What’s New: Intel collaborates with Novartis* on the use of deep neural networks (DNN) to accelerate high content screening – a key element of early drug discovery. The collaboration team cut time to train image analysis models from 11 hours to 31 minutes – an improvement of greater than 20 times1.
Collaboration team members from Novartis and Intel used eight CPU-based servers, a high-speed fabric interconnect and optimized TensorFlow to achieve the improvement in time needed to process a dataset of 10K images.
Why It’s Important: High content screening of cellular phenotypes is a fundamental tool supporting early drug discovery. The term “high content” signifies the rich set of thousands of pre-defined features (such as size, shape, texture) that are extracted from images using classical image-processing techniques. High content screening allows analysis of microscopic images to study the effects of thousands of genetic or chemical treatments on different cell cultures.
The promise of deep learning is that relevant image features that can distinguish one treatment from another are “automatically” learned from the data.
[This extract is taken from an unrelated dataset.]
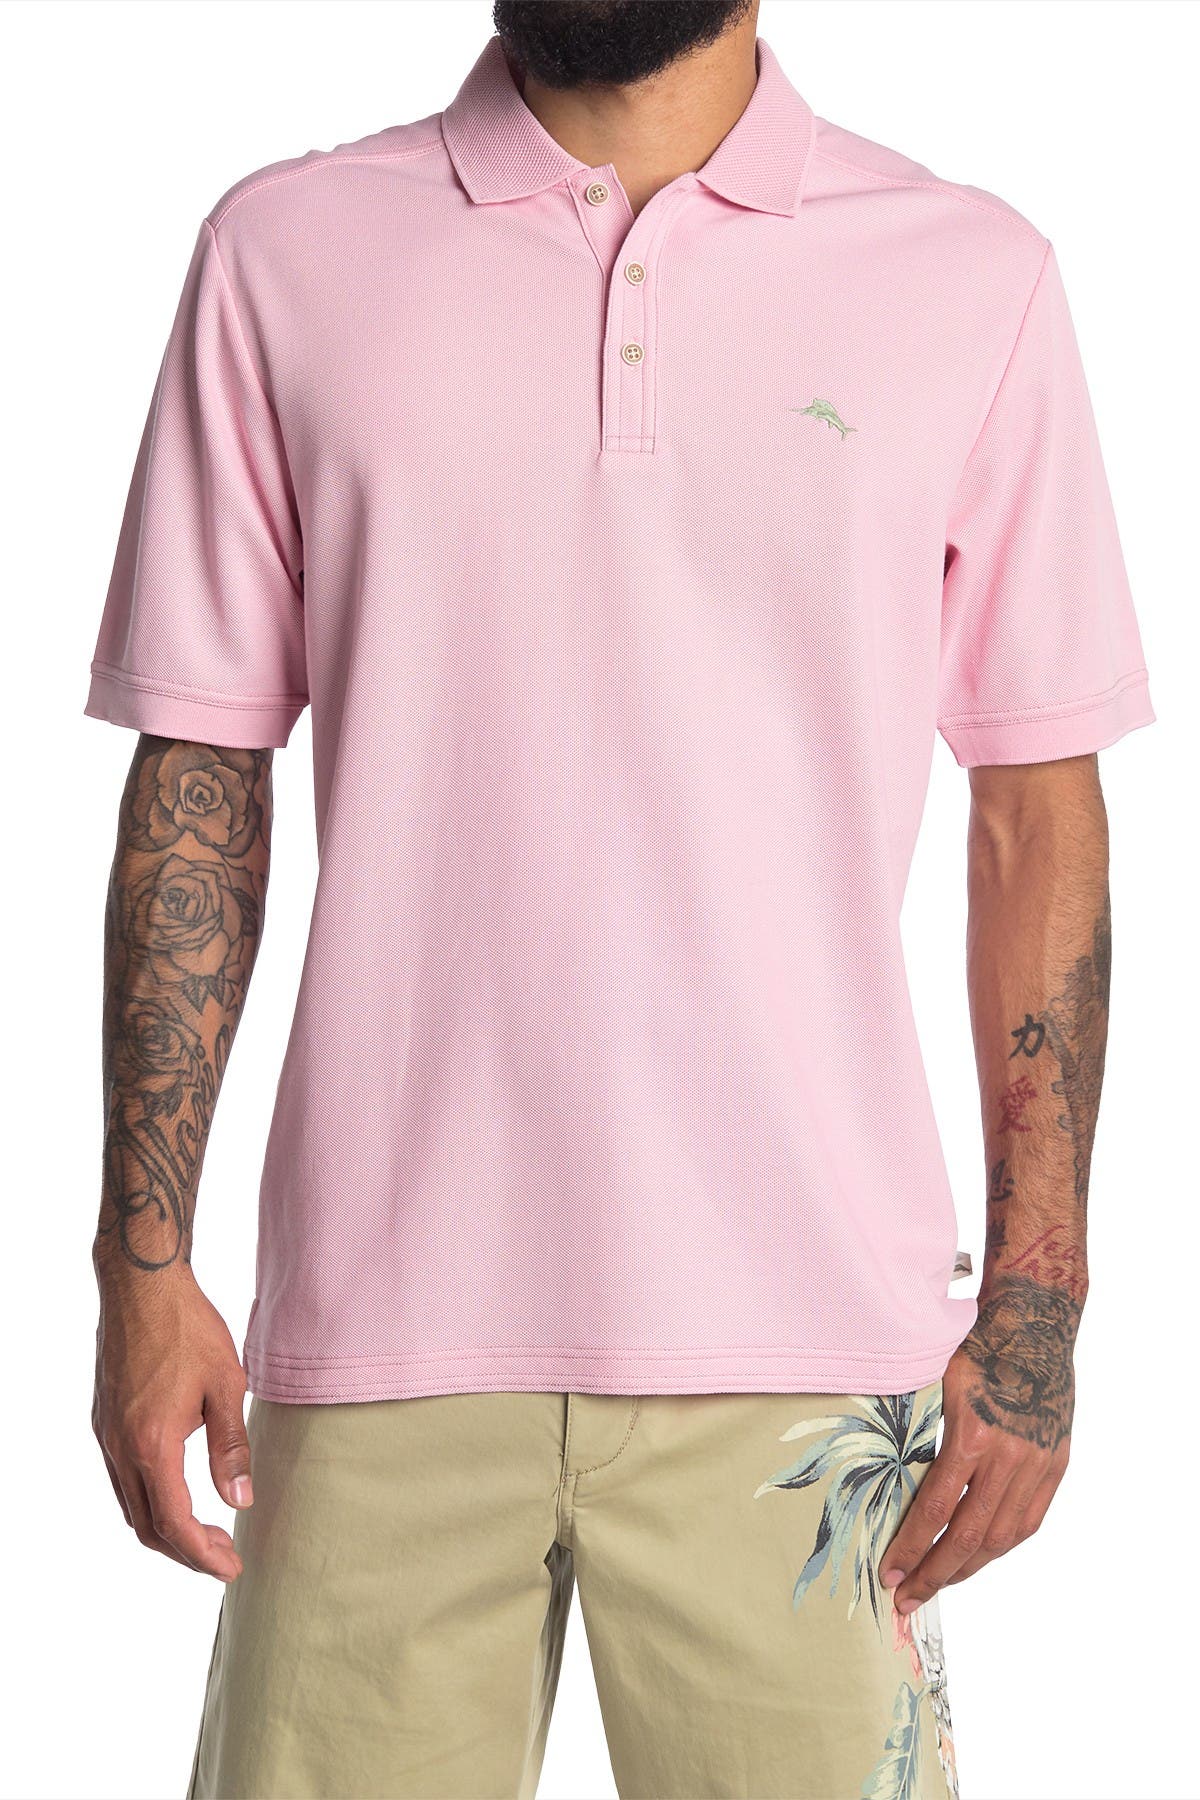 tommy bahama pink shirt

By applying deep neural network acceleration, biologists and data scientists at Intel and Novartis hope to speed up the analysis of high content imaging screens. In this joint work, the team is focusing on whole microscopy images as opposed to using a separate process to identify each cell in an image first. Whole microscopy images can be much larger than those typically found in deep learning datasets. For example, the images used in this evaluation are more than 26 times larger than images typically used from the well-known ImageNet* dataset of animals, objects and scenes.